Wednesday 4 October 2017, 05:57PM

FAT president Somyot Poompunmuang (left) talks to national team coach Milovan Rajevac. Photo: via Bangkok Post

FAT president Somyot Poompunmuang (left) talks to national team coach Milovan Rajevac. Photo: via Bangkok Post

Whatever the big boss of national football in reality is, is of little consequence as he has proven beyond doubt that he is no pushover.

And whether it is his past management experience or that he has learned the ropes pretty fast is also immaterial as what really matters is that he is steering the national football in the right direction.

A little more than a year and a half ago, the former national police chief was telling everyone who would listen that he has no knowledge of football whatsoever.

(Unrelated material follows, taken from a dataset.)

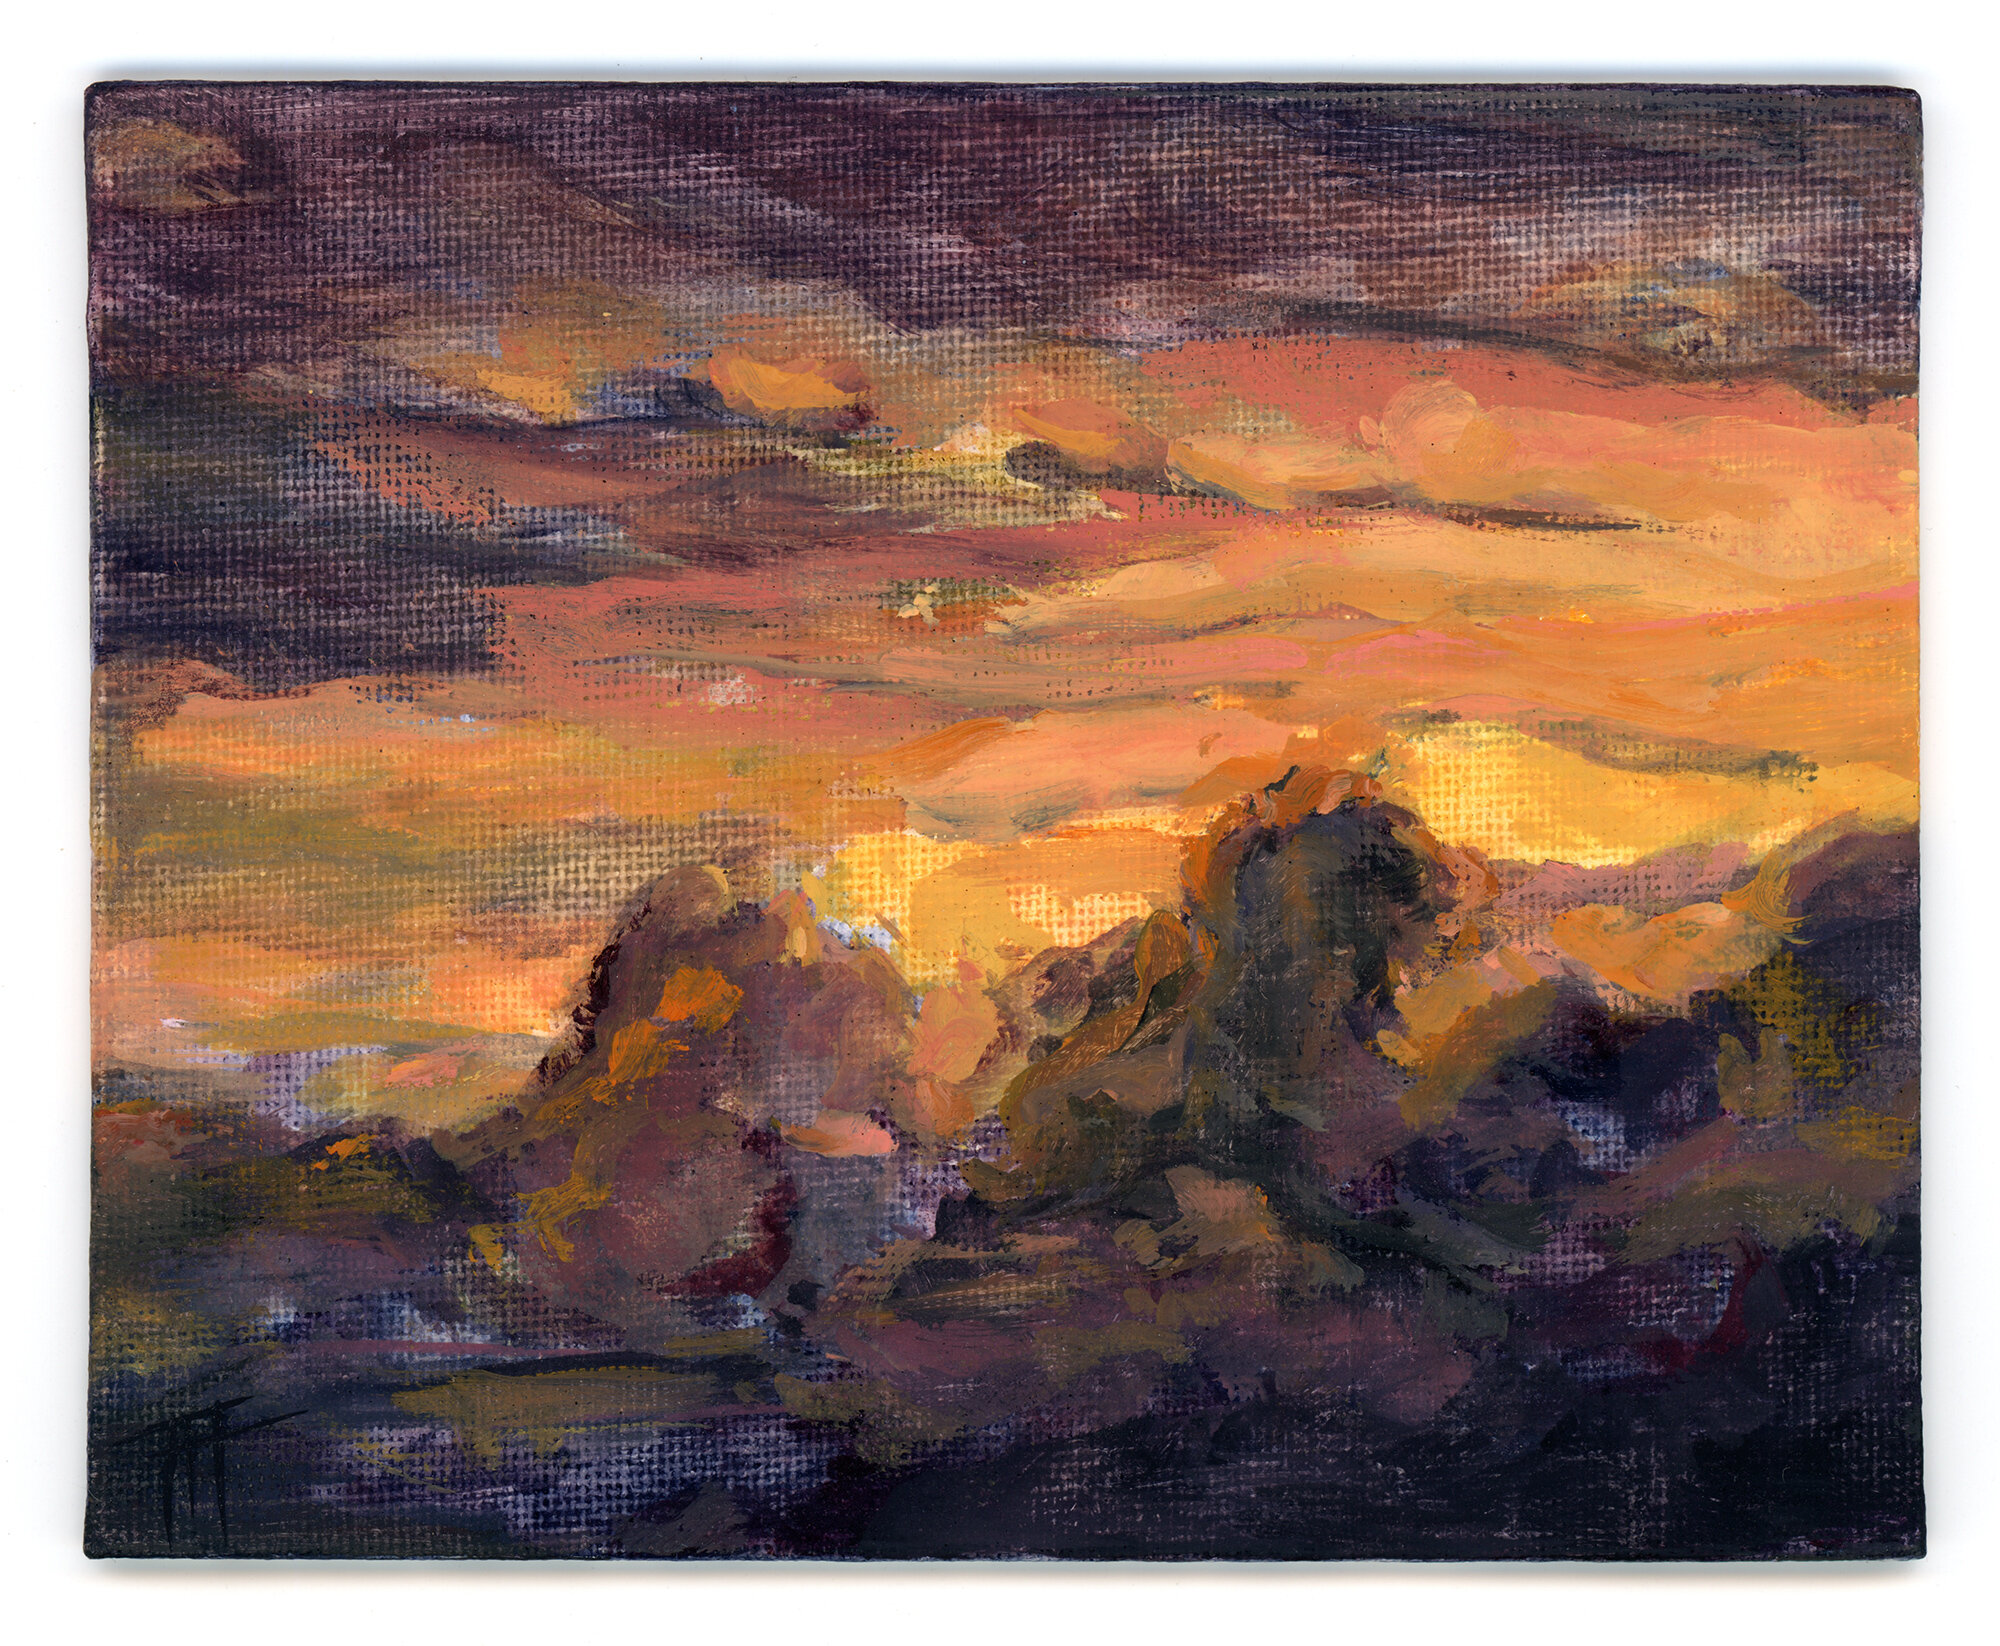  Sunset Cloud, 2020. 4.75 x 5.9 in. Oil on canvas board.

Since taking over the reins of the national association in February last year following a landslide victory over Charnwit Phalajivin – widely seen as a proxy candidate of former FAT president Worawai Makudi – Somyot has taken a few steps which are serving the Thai interests very well.

His keenness to bring about a change in the national football setup was at first discarded as nothing but whims of a stubborn ex-cop, totally devoid of any idea what football is all about.

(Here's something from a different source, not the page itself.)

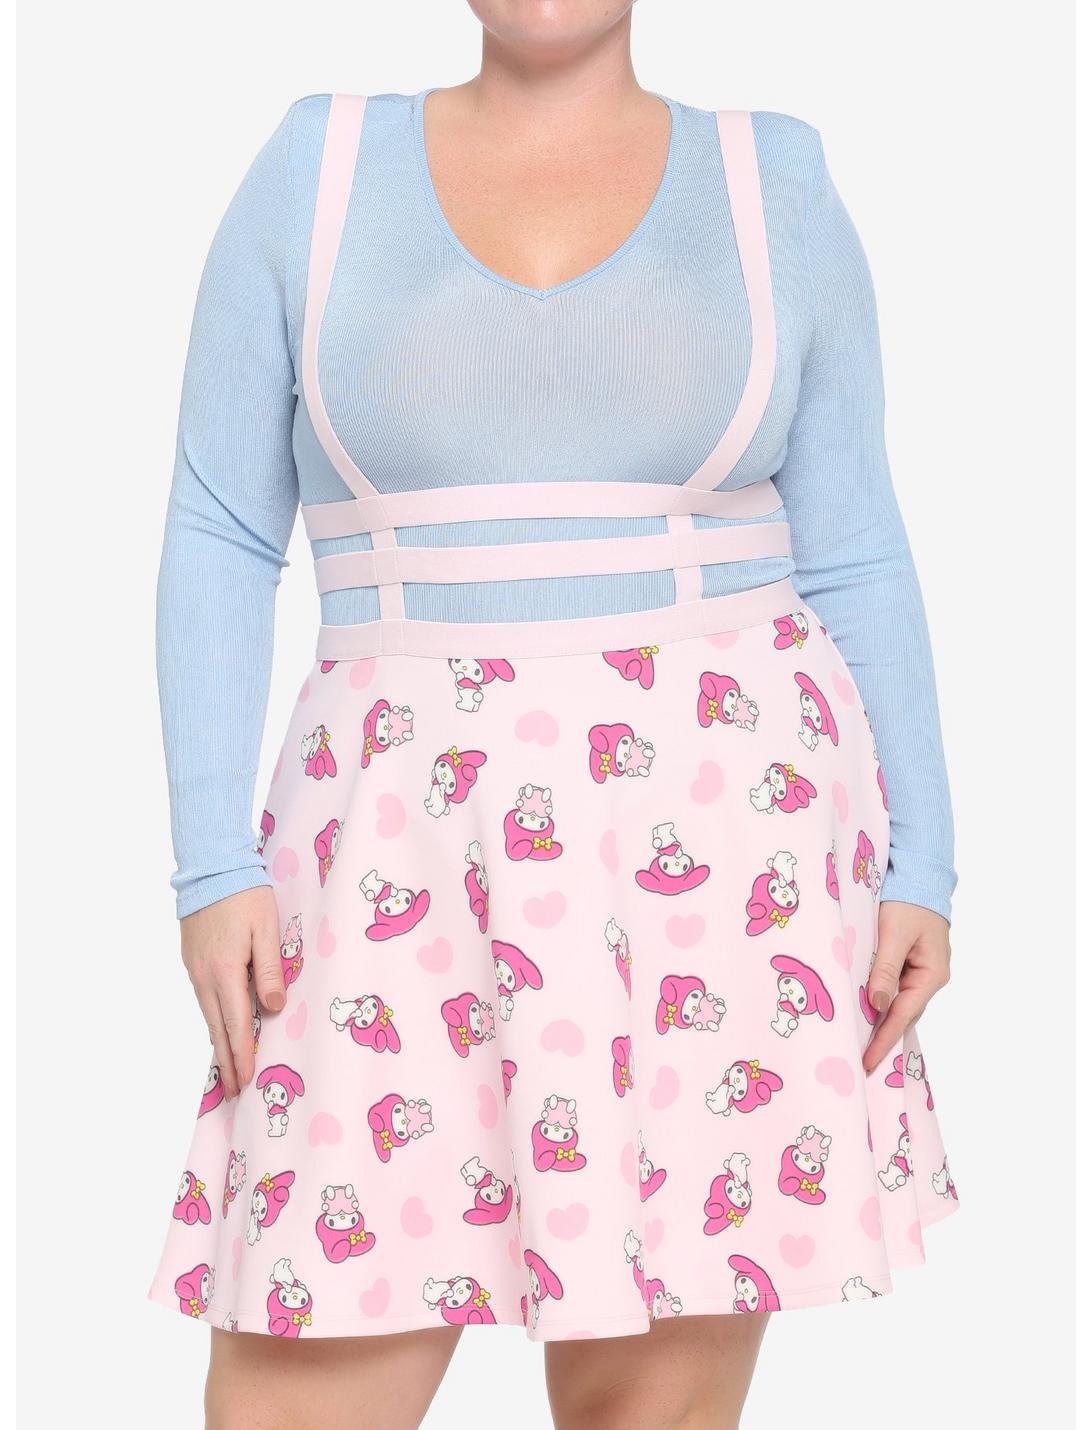 My Melody Strappy Suspender Skirt Plus Size, MULTI, hi-res

For some unfathomable reason, Somyot never earned the due praise for his commitment to steering Thailand to the top echelons of Asian football.

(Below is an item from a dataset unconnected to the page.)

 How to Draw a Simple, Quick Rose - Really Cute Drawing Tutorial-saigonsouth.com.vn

It could probably be because the first high-profile casualty of his ruthless drive to bring a positive change was no one else but national team coach Kiatisak Senamuang, a former pin-up boy nicknamed “Zico”.

Apart from undertaking some sporadic damage control exercises on a few occasions, Somyot never made any attempts to disguise his dissatisfaction with Kiatisak.

After Thailand’s 4-0 rout at the hands of Japan in a 2018 World Cup qualifier in Saitama early this year, Somyot said: “Should we be satisfied with winning the Suzuki Cup and the SEA Games? And then when we play against the real top teams in Asia we lose 3-0 or 4-0. Are the fans OK with it?

“Maybe some people are fine with that, but for me it’s embarrassing. I can’t and I won’t accept these results. Something needs to be done.”

As he lured Kiatisak, a darling of the Thai media, into a perfect trap, Somyot became a target of widespread vilification. He, however, held his ground firm and did not give in.

His decision to bring in Serb veteran Milovan Rajevac as a replacement for popular Kiatisak, who quit after the Japan match, was a master-stroke, to say the least.

Kiatisak, to start with, was ill-equipped to carry Thailand to the level and was targeted by Somyot because the former national team striker has no first-hand experience of that level, either as a player or as a coach.

Rajevac, who took Ghana to the 2010 World Cup quarter-finals, has in a short time proven his worth as in the words of senior football commentator Jason Dasey, the Serb “has made the Thais more compact, and harder to break down”.

As the Thais look increasingly more organised under Rajevac, Somyot’s decision to bring him along looks even more prudent because the Serb is costing the FAT far less than his predecessor.

More recently, Somyot made another praise-worthy move in the wake of August’s 2017 SEA Games in Malaysia, where Thailand won their third straight men’s football gold medal.

He is bringing an end to the ridiculous tradition of appointing non-technical, high-society representatives as managers of the country’s squads.

Watanya Wongopasi was the first to resign as the national U23 team manager last month.

There is no doubt that Watanya, affectionately called “Madame Dear” by the Thai press, was very committed to the national U23 team, which recently qualified for next year’s AFC U23 Championship in China.

However, as everywhere else, footballing matters at all levels had better be left to those who know the business inside out.

This should bring an end to any meddling in the affairs of the national teams as the coaches would serve as team managers and could be held responsible for the decisions taken during the course of a tournament or a match, making things simpler for everyone.

Looking back at Somyot’s performance so far, one can say it isn’t the Thai team alone which looks a lot more organised but rather the entire national football structure has an orderly look about it.